| WORK ORDER |
Would you restate the full listing word for word and omit its pictures?

| DATA EXTRACT |
########

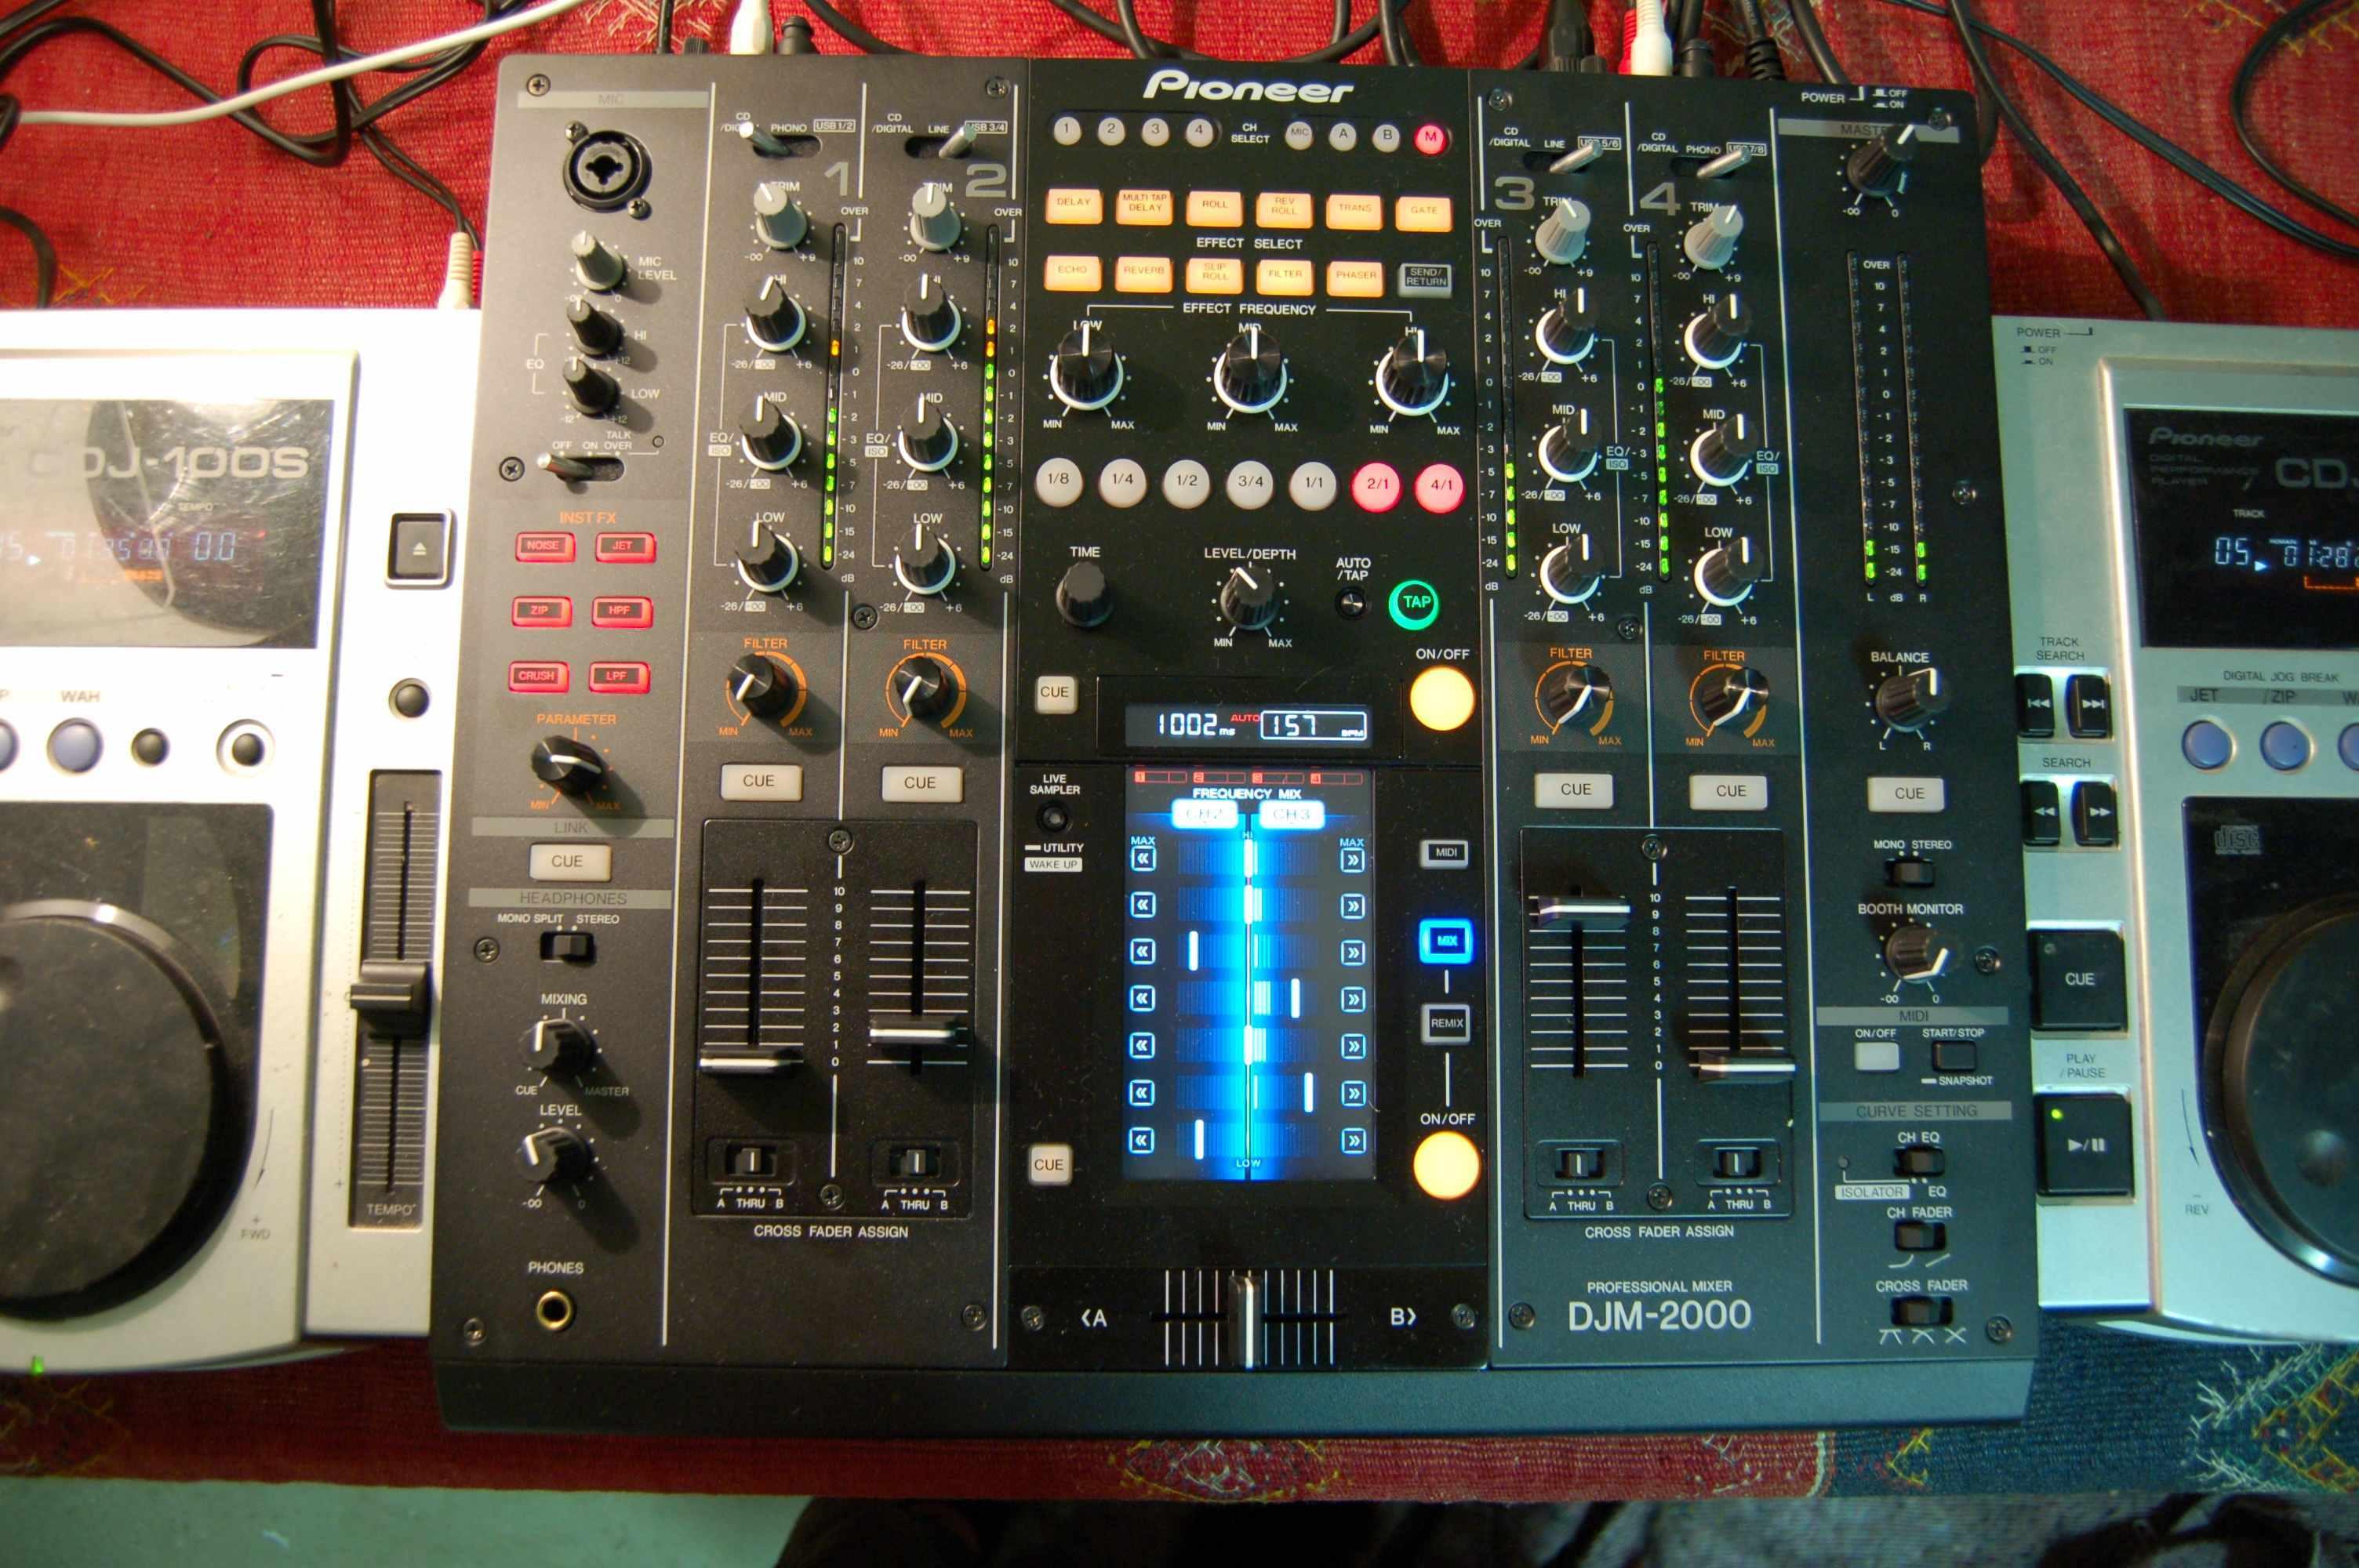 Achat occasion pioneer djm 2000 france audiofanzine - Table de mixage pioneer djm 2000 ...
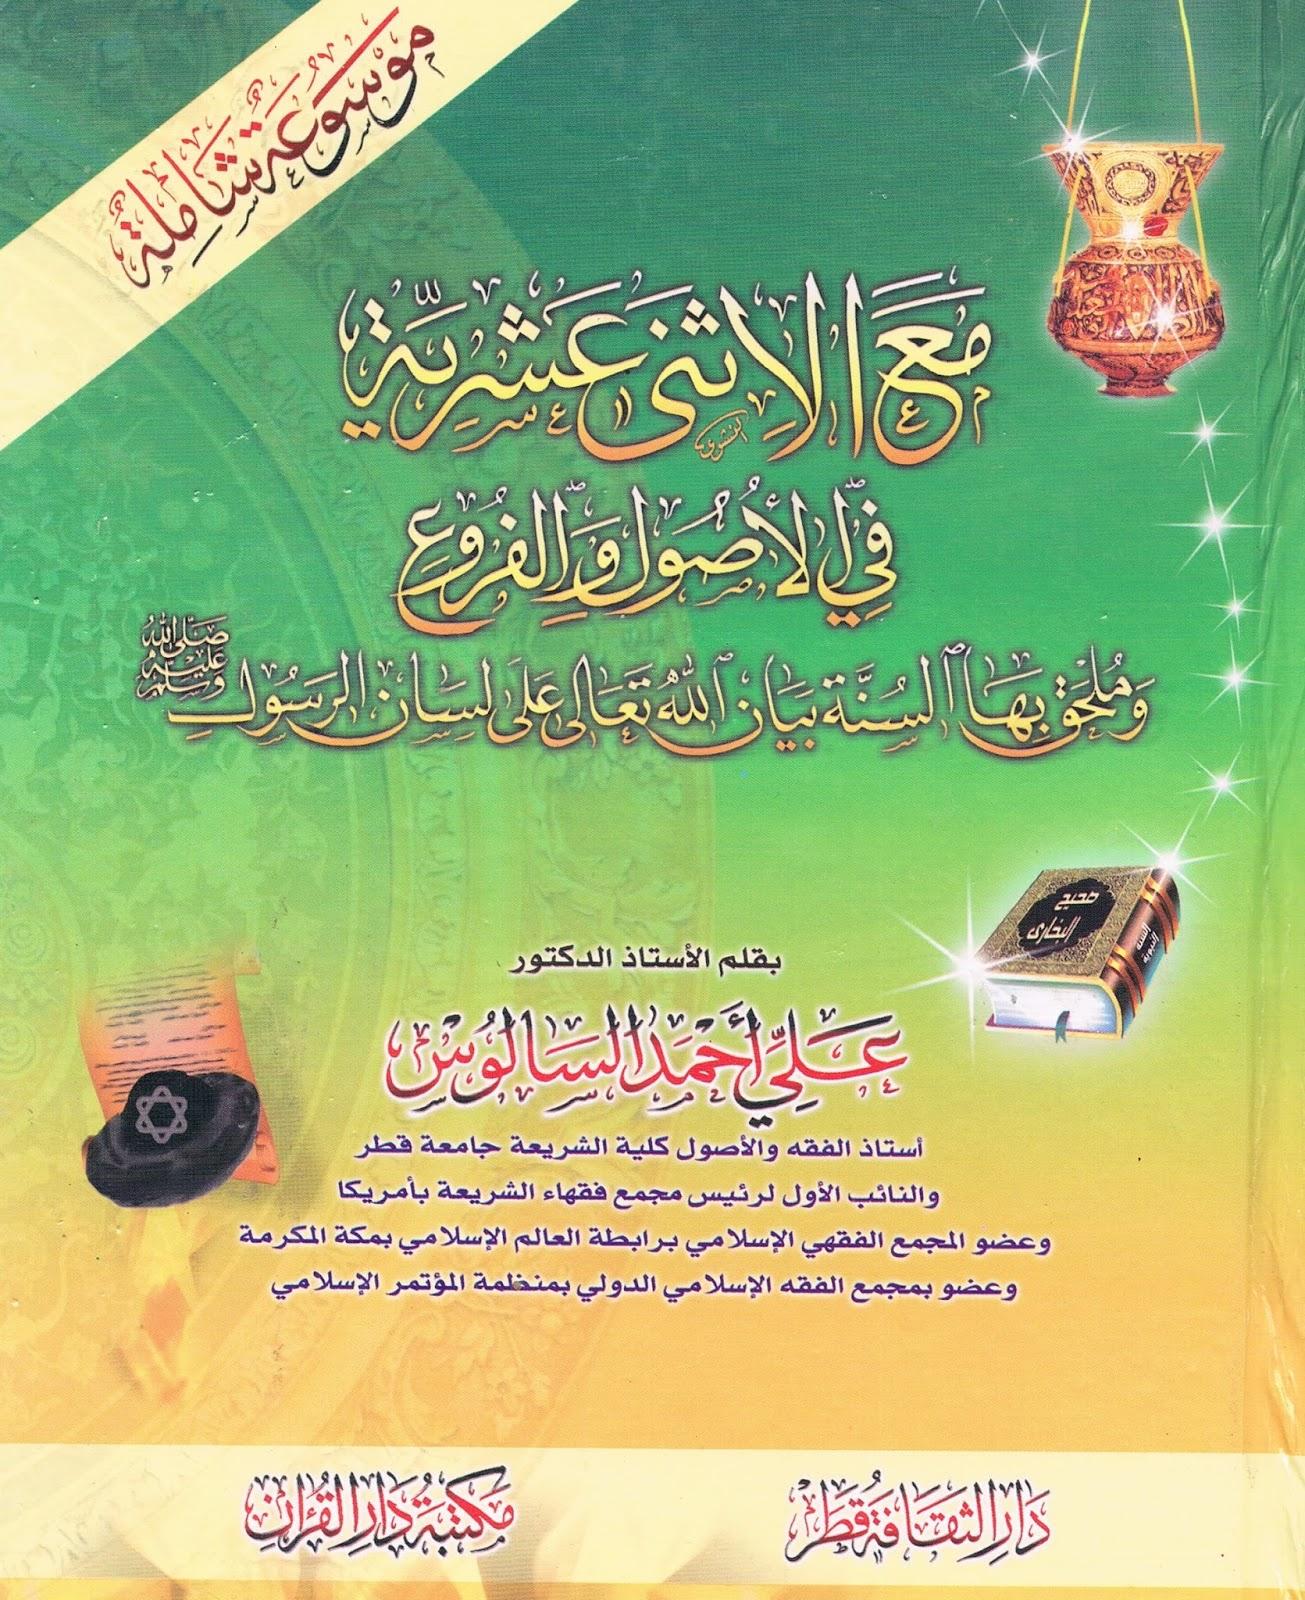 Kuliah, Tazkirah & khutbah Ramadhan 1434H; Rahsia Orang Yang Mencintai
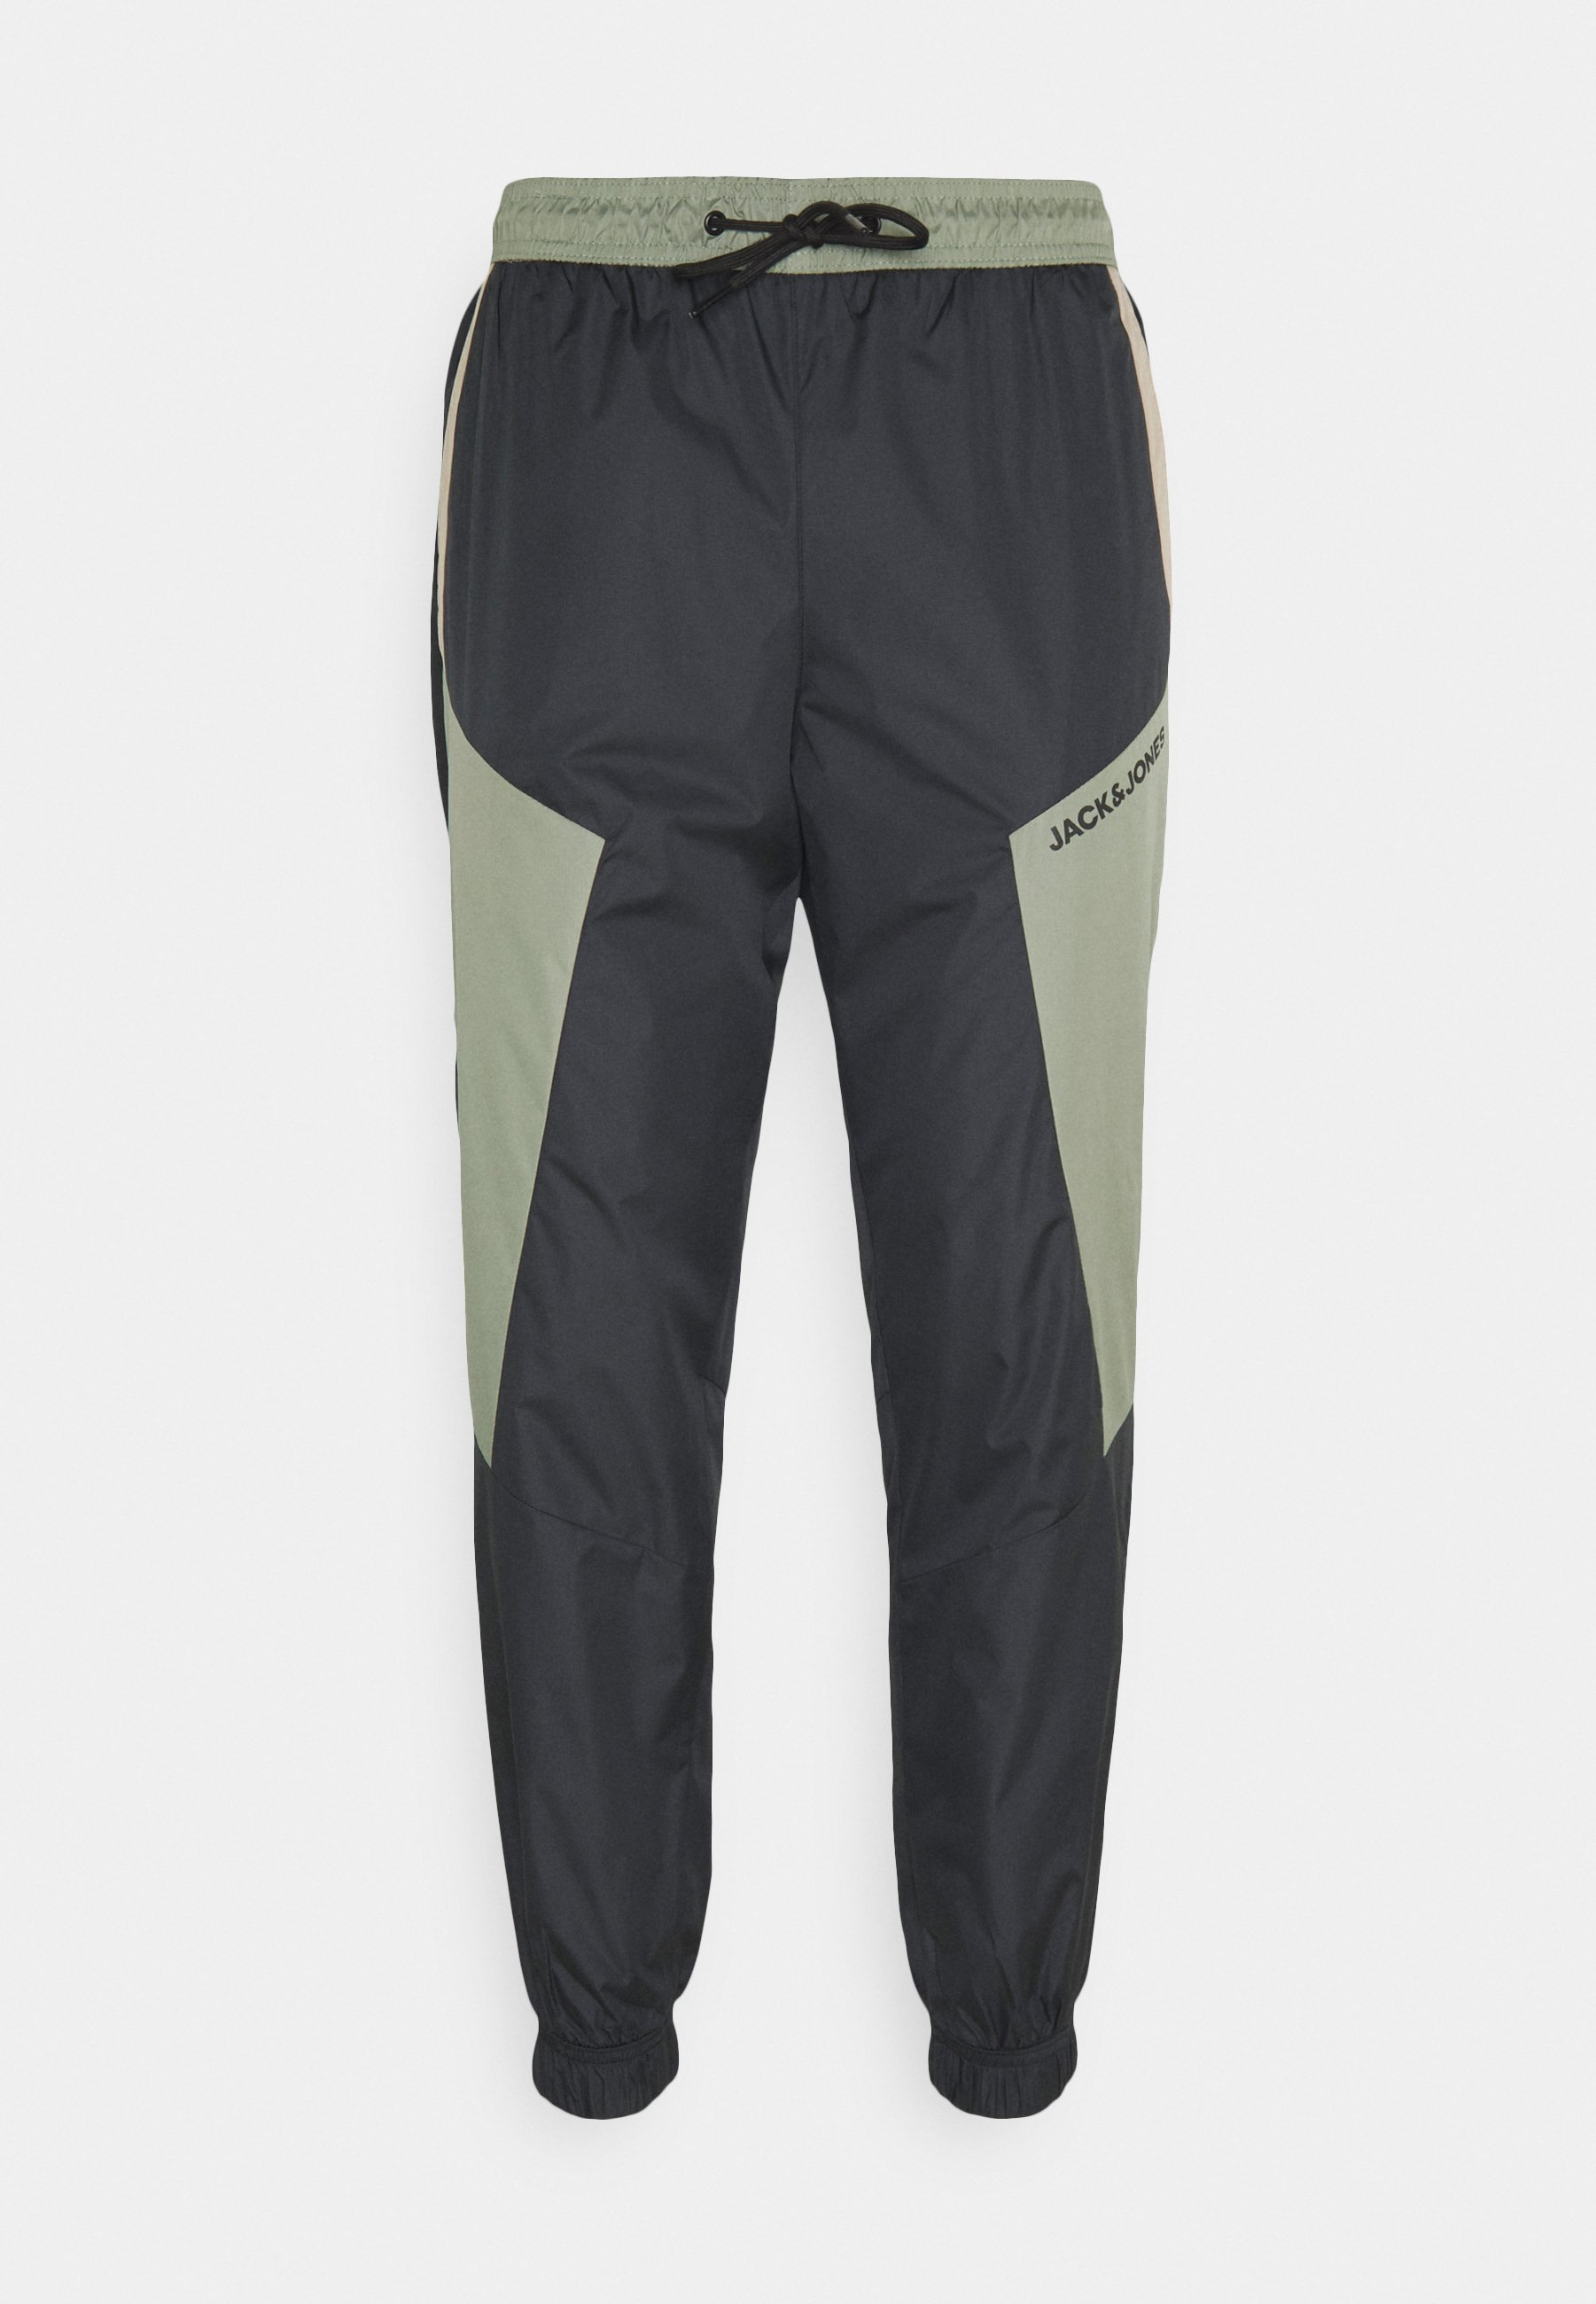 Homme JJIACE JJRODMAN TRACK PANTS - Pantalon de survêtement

########

| EXERCISE SOLUTION |
 Achat occasion pioneer djm 2000 france audiofanzine - Table de mixage pioneer djm 2000 ...
 Kuliah, Tazkirah & khutbah Ramadhan 1434H; Rahsia Orang Yang Mencintai
 Homme JJIACE JJRODMAN TRACK PANTS - Pantalon de survêtement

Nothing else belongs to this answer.